BERITA.NEWS, Parepare — Sistem Penerimaan Murid Baru (SPMB) tingkat Sekolah Dasar di Kota Parepare menuai sorotan tajam.
Sejumlah orangtua calon siswa mengaku kecewa, lantaran merasa sistem tidak berjalan objektif dan adil.
Salah satunya Lia, orangtua calon murid yang anaknya mendaftar di SD Negeri 5 Parepare.
Meski rumahnya hanya berjarak 500 meter dari sekolah, anaknya justru tidak diterima.
Ironisnya, siswa lain yang jaraknya hingga 5.000 meter justru diterima.
“Jelas sangat kecewa. Saya daftarkan jalur domisili karena masuk dalam zona sekolah, usia juga sesuai syarat. Tapi ditolak, padahal ada yang jaraknya jauh justru diterima,” ungkap Lia, Jumat (27/6/2025).
Menanggapi hal ini, Kepala Dinas Pendidikan dan Kebudayaan (Disdikbud) Parepare, Makmur, menyebut bahwa penerimaan siswa SD memang belum sepenuhnya dilakukan melalui aplikasi SPMB.
“Untuk SD, sistem belum kami terapkan secara penuh. Karena sekolah-sekolah di kota ini saling berdekatan, jadi sulit menentukan zonasinya secara jelas,” terang Makmur.
Ia menjelaskan bahwa SPMB memiliki tiga jalur, yaitu domisili (zonasi), afirmasi, dan mutasi.
Untuk SDN 5, tersedia 84 kuota: 79 domisili, 1 afirmasi, dan 4 mutasi. Namun, keputusan akhir tetap berada di tangan sekolah.
“Aplikasi hanya jadi alat bantu melihat data pendaftar, seperti jarak dan usia. Tapi yang menentukan siapa yang diterima adalah pihak sekolah,” jelasnya.
Sistem ini justru memunculkan dugaan ketidaktransparanan. Orangtua merasa ada perlakuan diskriminatif dalam proses seleksi.
“Tidak objektif, tidak transparan, diskriminatif, tidak akuntabel dan tidak fair,” kritik Lia terhadap sistem penerimaan murid baru.
Makmur mengaku telah menghubungi pihak sekolah terkait dugaan kesalahan pendataan.
Ia juga menyebut telah meminta stafnya mengajukan surat ke Balai Besar Penjaminan Mutu Pendidikan (BBPMP) agar ada penambahan kuota khusus.

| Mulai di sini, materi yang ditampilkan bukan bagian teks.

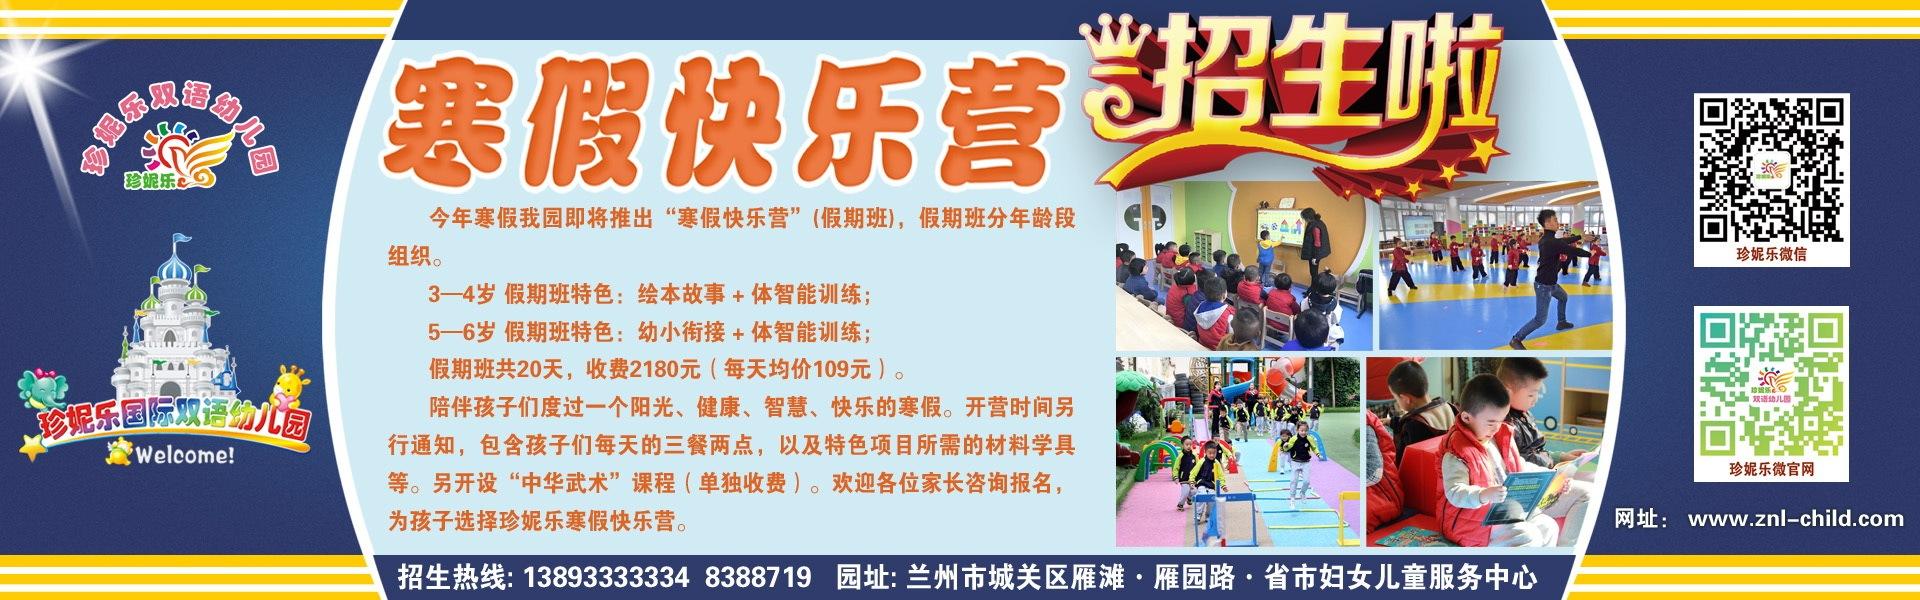 兰州国际双语幼儿园
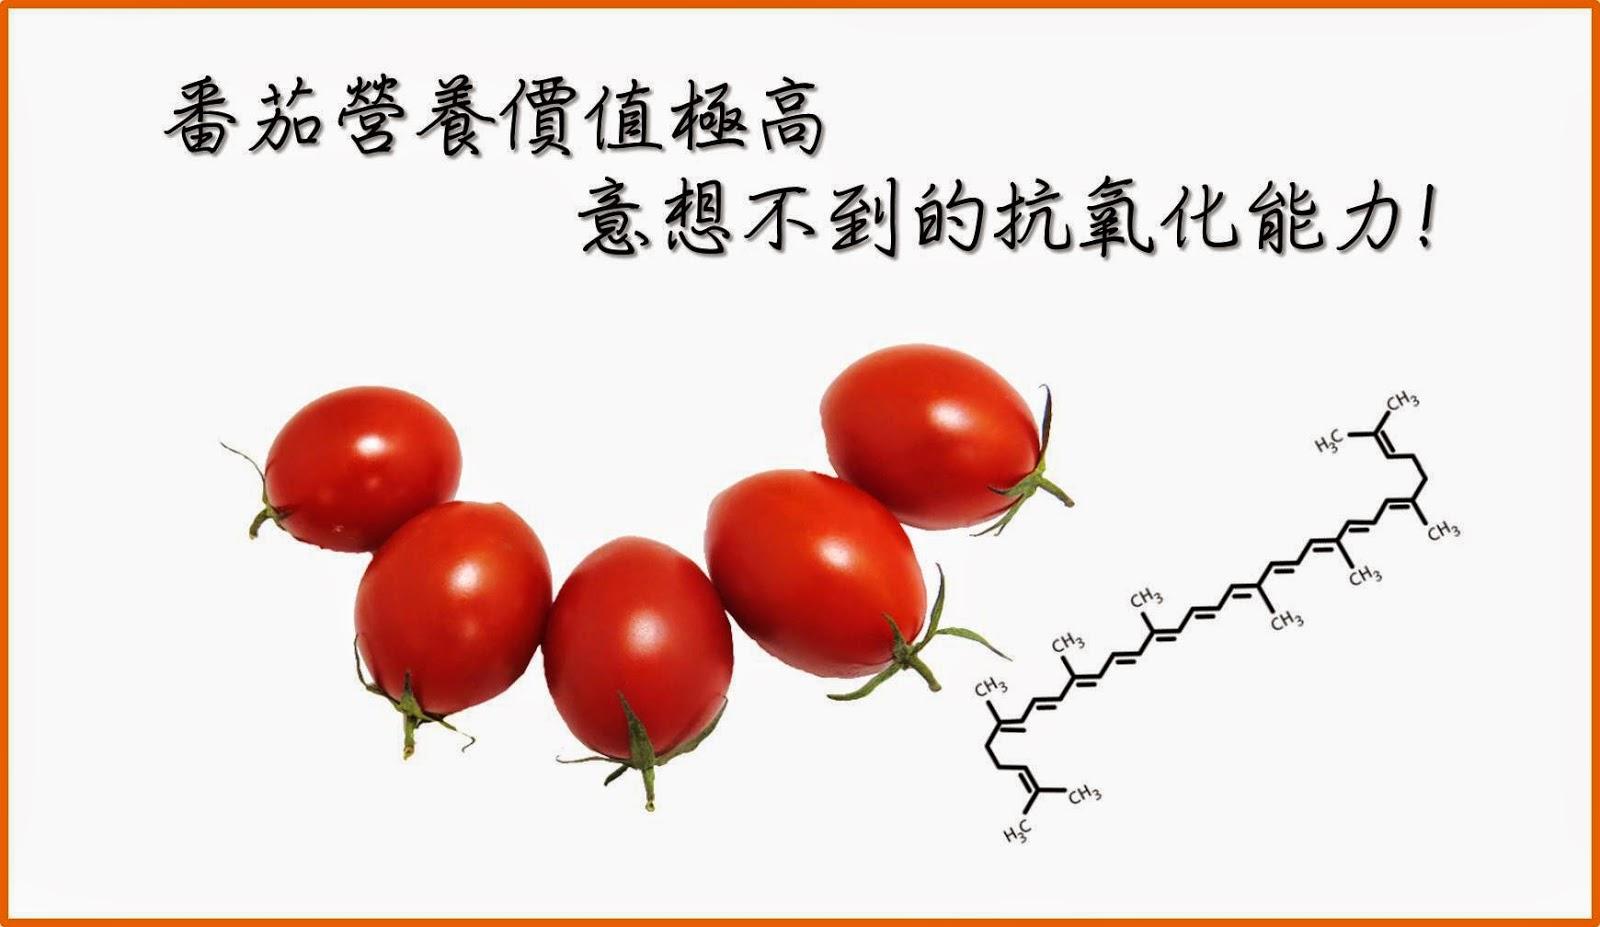 番茄營養價值極高,意想不到的抗氧化能力...

Ironisnya, Wali Kota Parepare Tasming Hamid sebelumnya menegaskan bahwa penerimaan siswa harus berjalan objektif, transparan, adil, dan bebas diskriminasi.
“Tidak ada tempat untuk praktik titip-menitip, surat sakti, atau cara lain yang merusak integritas. Kalau ada yang bermain-main, akan kami sanksi,” tegas Tasming dalam pernyataan resminya.

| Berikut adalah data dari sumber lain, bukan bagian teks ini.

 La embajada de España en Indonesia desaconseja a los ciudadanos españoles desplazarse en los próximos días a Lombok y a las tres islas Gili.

Kasus ini menyoroti belum konsistennya penerapan sistem zonasi serta lemahnya pengawasan terhadap transparansi di level sekolah dasar.
Jika tidak segera diperbaiki, sistem ini berisiko mengorbankan hak calon siswa yang sebenarnya lebih layak secara jarak dan usia.